Sen. race sex files: cubancigar's callipygian company
The race for Senate District 38 is two years off, and already we have two sex-related Internet issues involving two separate candidates. Last month, former Miami Beach Republican Rep. Gus Barreiro was fired by the Department of Juvenile Justice for allegedly logging into adultfriendfinders.com as "cubancigar107" to meet couples for trysts via his state computer. He says he was set up and that he had no idea where the pornographic images on his desk-top came from.
The latest revelation concerns Miami Republican Rep. Julio Robaina, and involves a four-year-old previously unreported incident that political opponents are pushing now. Robaina had used his House computer and lawmaker account to forward a chain email titled "Hypnotize a man" that contained a link to an interactive webclip of a callipygian woman (i.e. one who had shapely buttocks).
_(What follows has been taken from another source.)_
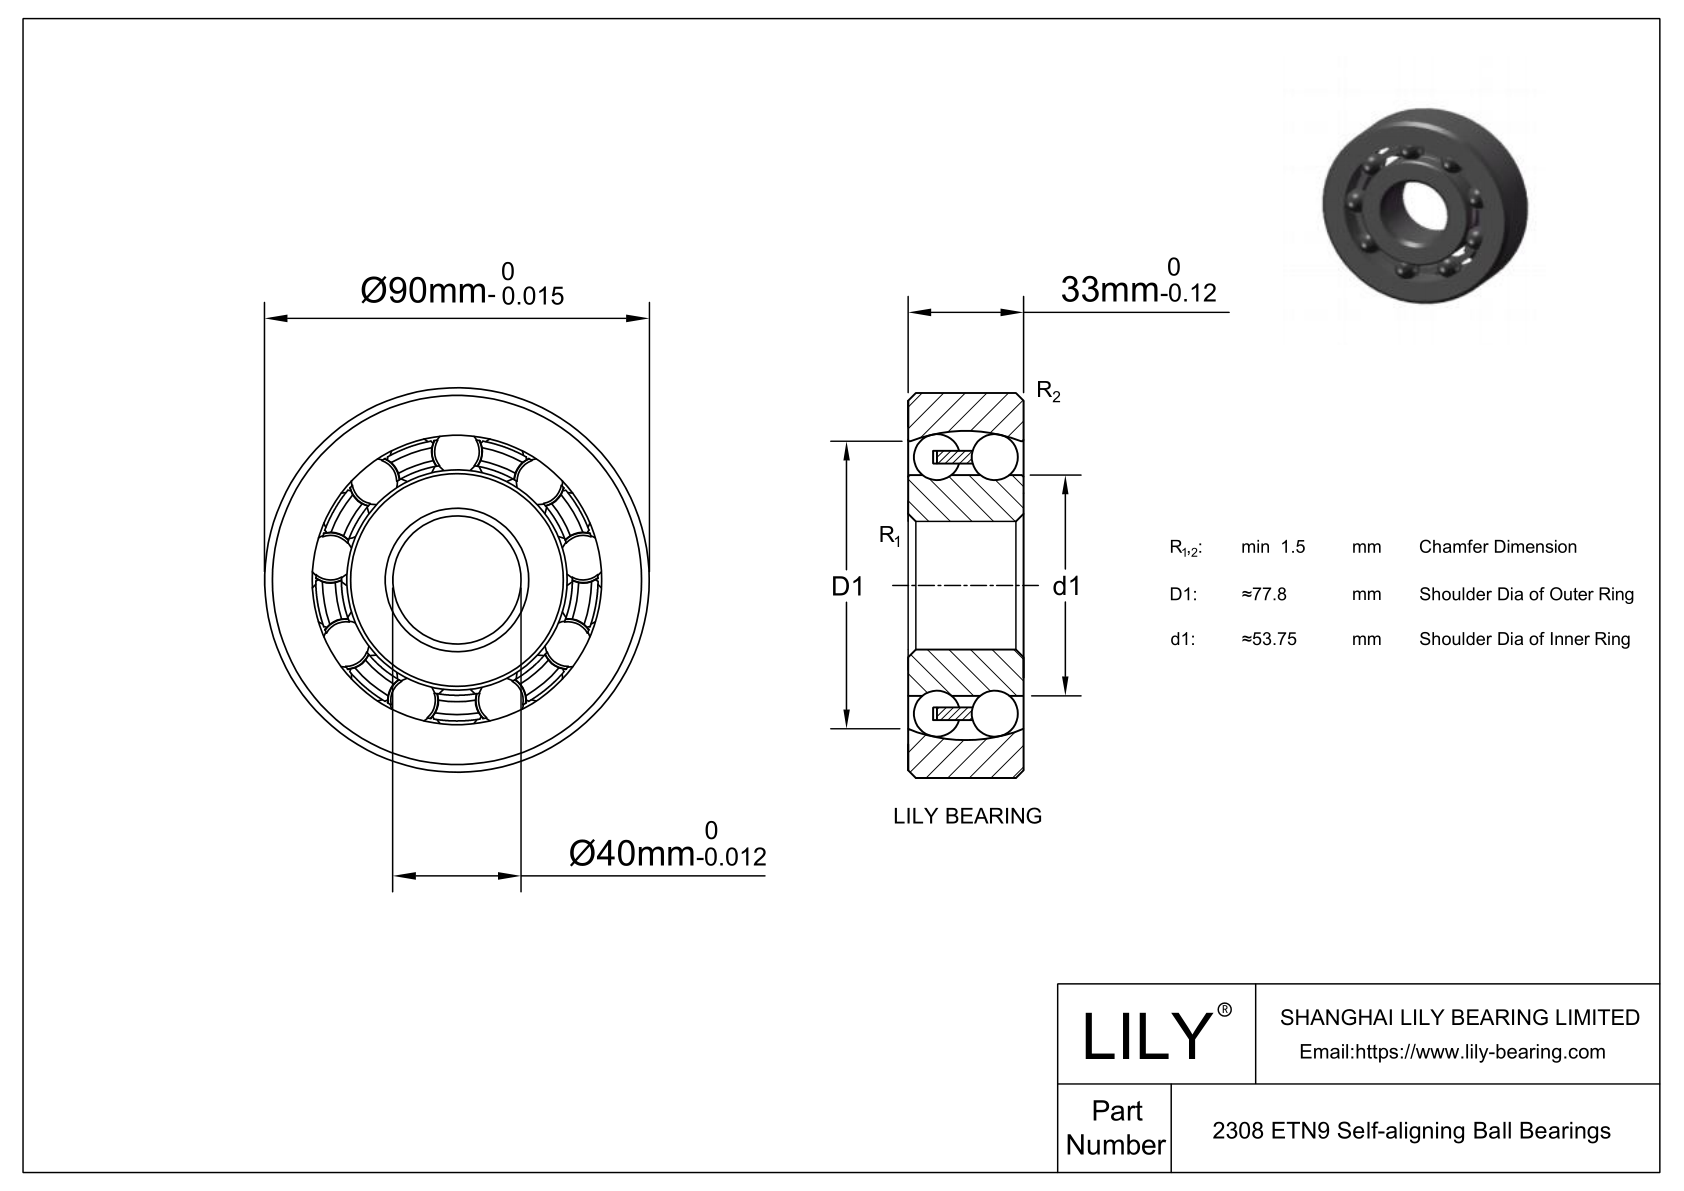 S2308 ETN9 Stainless Steel Self Aligning Ball Bearings cad drawing

The email advised: "Click on the picture, and drag it a little up and then drop it and watch..."
One of the recipients was Rep. David Rivera's aide, Maria Armenteros. She forwarded it to her home email account. Uh oh.
Her husband, Omar Armenteros, saw it and grew furious. Unknown to the media at the time, Mr. Armenteros went on a two-year letter-writing crusade to Gov. Jeb Bush and, then, Gov. Charlie Crist. Robaina was reprimanded, according to a 2006 letter from then House Speaker Alan Bense, who said last week that he didn't remember the incident. "I was dealing with Ralph Arza at the time," he said.
But Mr. Armenteros, who declined to comment to the Herald/Times, felt Robaina wasn't sufficiently punished. He compared the incident to the Rep. Mark Foley page scandal. Rivera accused Robaina of forwarding "pornography" that was inappropriate for a lawmaker.
Robaina, a rival of Rivera's, said that's an exaggeration. But he said he regretted what happened.
"This was nothing more than the case of legislators offices forwarding what they called comical inter-office humor. Mrs. Armenteros, Rep. Rivera’s aide, was also forwarding these comical emails. Her husband was offended by one of the jokes during a time, and this was according to Mrs. Armenteros, they were having some marital problems. He complained to Mrs. Armenteros. I personally contacted him and apologized on behalf of my office. And shortly after, the House put out an email basically stating do not forward any interoffice emails to anybody that might be offensive. End of story."
Perhaps not. The 2010 election season is already here. But how opponents use the info against him might be tricky. Joked one veteran Miami-Dade political consultant: "In Little Havana, that'll probably get Robaina some votes."